# [Work order]
Only the stretch of the listing below that runs from the line with "Johnston Murphy Garner Plain Toe Shoes" through the line with "Gilbert, Arkansas" is to be printed, exactly and with both ends.

____________________

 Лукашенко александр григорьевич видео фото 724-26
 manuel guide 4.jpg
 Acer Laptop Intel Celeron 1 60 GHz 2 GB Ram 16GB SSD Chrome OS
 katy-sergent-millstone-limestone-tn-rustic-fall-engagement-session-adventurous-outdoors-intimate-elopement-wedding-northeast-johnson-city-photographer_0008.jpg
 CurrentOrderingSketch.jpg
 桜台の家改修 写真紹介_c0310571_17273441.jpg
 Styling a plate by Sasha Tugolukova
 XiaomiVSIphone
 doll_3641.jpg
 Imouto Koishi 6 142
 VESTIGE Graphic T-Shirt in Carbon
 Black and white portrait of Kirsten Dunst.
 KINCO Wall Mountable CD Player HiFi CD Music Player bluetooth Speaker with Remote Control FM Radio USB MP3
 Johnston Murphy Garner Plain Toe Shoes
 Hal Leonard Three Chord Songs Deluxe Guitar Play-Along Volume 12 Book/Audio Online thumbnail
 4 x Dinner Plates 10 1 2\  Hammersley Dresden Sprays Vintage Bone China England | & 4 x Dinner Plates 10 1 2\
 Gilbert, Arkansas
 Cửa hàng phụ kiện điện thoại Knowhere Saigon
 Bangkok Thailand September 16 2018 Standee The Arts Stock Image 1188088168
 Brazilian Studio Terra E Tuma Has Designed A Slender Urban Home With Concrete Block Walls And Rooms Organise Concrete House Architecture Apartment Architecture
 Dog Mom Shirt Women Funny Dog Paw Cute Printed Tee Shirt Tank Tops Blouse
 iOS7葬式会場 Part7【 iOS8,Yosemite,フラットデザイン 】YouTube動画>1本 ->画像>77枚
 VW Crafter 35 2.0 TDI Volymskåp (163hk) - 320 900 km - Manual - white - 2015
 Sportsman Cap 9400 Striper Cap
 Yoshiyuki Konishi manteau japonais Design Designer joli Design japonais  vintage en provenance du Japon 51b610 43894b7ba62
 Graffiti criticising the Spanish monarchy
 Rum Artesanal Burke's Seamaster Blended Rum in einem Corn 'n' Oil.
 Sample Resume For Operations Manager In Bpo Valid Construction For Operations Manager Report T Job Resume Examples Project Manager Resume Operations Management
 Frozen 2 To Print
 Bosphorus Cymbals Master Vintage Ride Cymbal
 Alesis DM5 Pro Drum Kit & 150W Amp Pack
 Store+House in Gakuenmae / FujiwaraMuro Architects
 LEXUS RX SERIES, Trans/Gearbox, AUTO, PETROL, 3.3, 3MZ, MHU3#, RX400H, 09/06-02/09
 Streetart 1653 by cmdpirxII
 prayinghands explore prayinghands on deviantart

____________________

# [Finished exercise]
 Johnston Murphy Garner Plain Toe Shoes
 Hal Leonard Three Chord Songs Deluxe Guitar Play-Along Volume 12 Book/Audio Online thumbnail
 4 x Dinner Plates 10 1 2\  Hammersley Dresden Sprays Vintage Bone China England | & 4 x Dinner Plates 10 1 2\
 Gilbert, Arkansas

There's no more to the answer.